Cancer-Fighting Nano-Diamonds Win Ig Nobel Prize

Sep 22, 2012 — 23:00
Sep 22, 2012 — 23:00

Russians were among a group of scientists awarded with 2012 Ig Nobel Prizes, a spoof of the prestigious award.

Igor Petrov, an electrical engineer from the Chelyabinsk region, and his colleagues at the SKN Company won the Peace Prize for converting old military explosives into nano-diamonds that can be used as light beacons for cancer treatment, Vesti.ru reported.

Petrov was among the winners of 10 awards from around the world to attend the ceremony of the whimsical award held at Harvard's campus on Thursday.
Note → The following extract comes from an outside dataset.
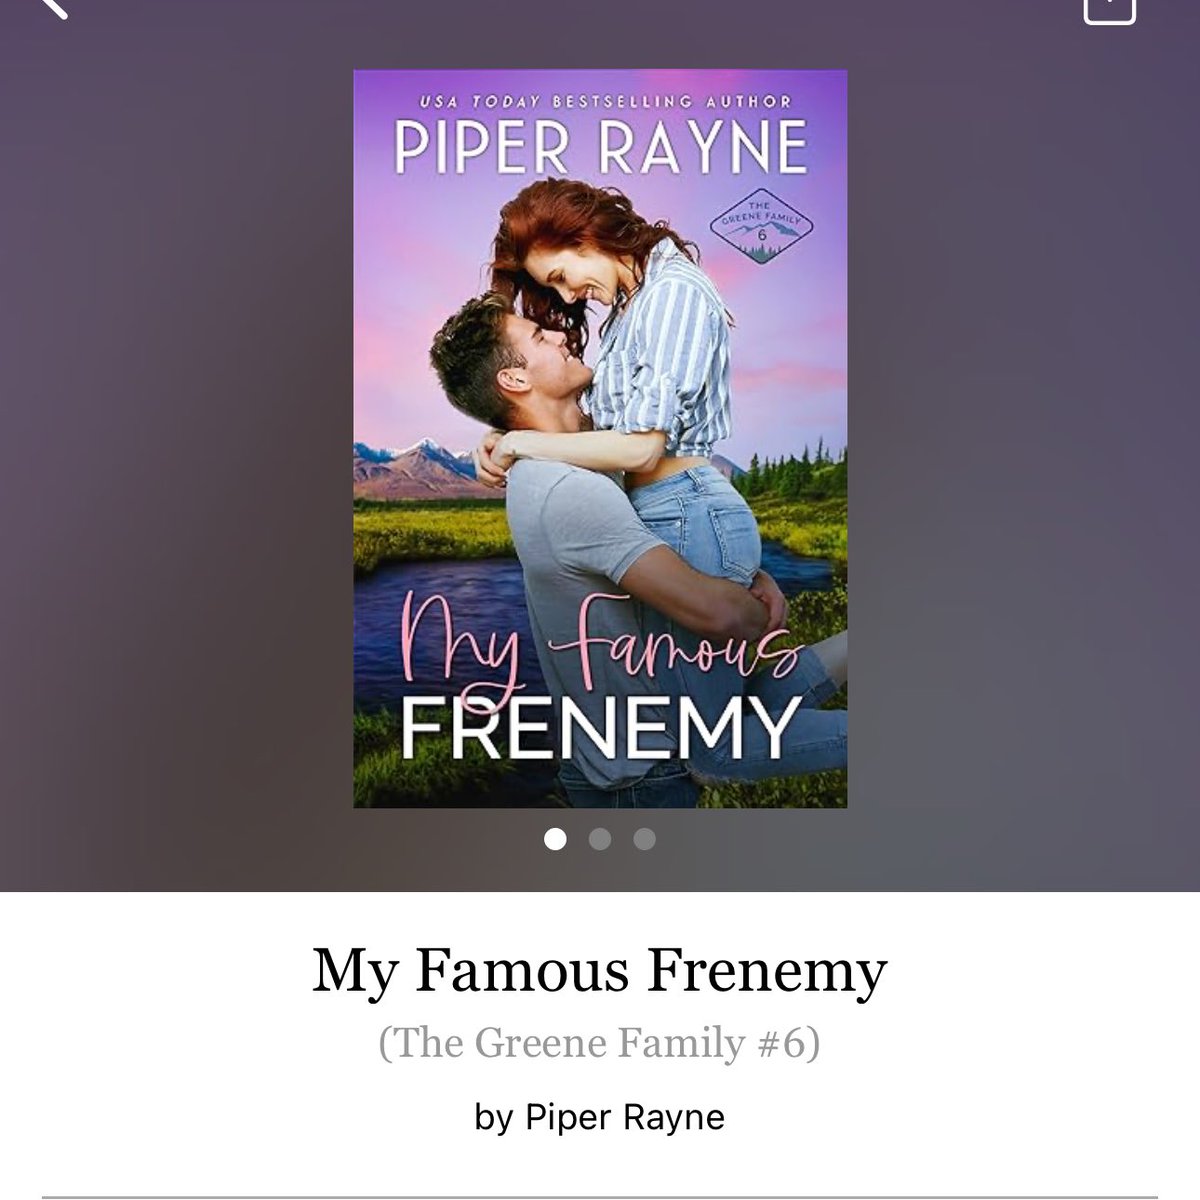 My Famous Frenemy by Piper Rayne 

#MyFamouseFrenemy by #PiperRayne #6244 #30chapters #248pages #393of400 #Series #7houraudiobook #30for8 #Audiobook #TheGreeneFamilySeries #Book6of9.5 #GavinAndposey #SunriseBay #april2024 #clearingoffreadingshelves #whatsnext #readitquick

The others included Rouslan Krechetnikov, a mechanical engineering professor at the University of California, and his student Hans Mayer, who got the Fluid Dynamics Prize for their research on the dynamics of liquid-sloshing, to learn what happens when a person walks while carrying a cup of coffee.

Krechetnikov earned a doctorate in applied mathematics from the Moscow Institute of Physics and Technology, RIA-Novosti reported.

Anita Eerland and Rolf Zwaan of the Netherlands and Tulio Guadalupe, who represented Peru, the Netherlands and Russia, were awarded with the Psychology Prize for their study titled, "Leaning to the Left Makes the Eiffel Tower Seem Smaller."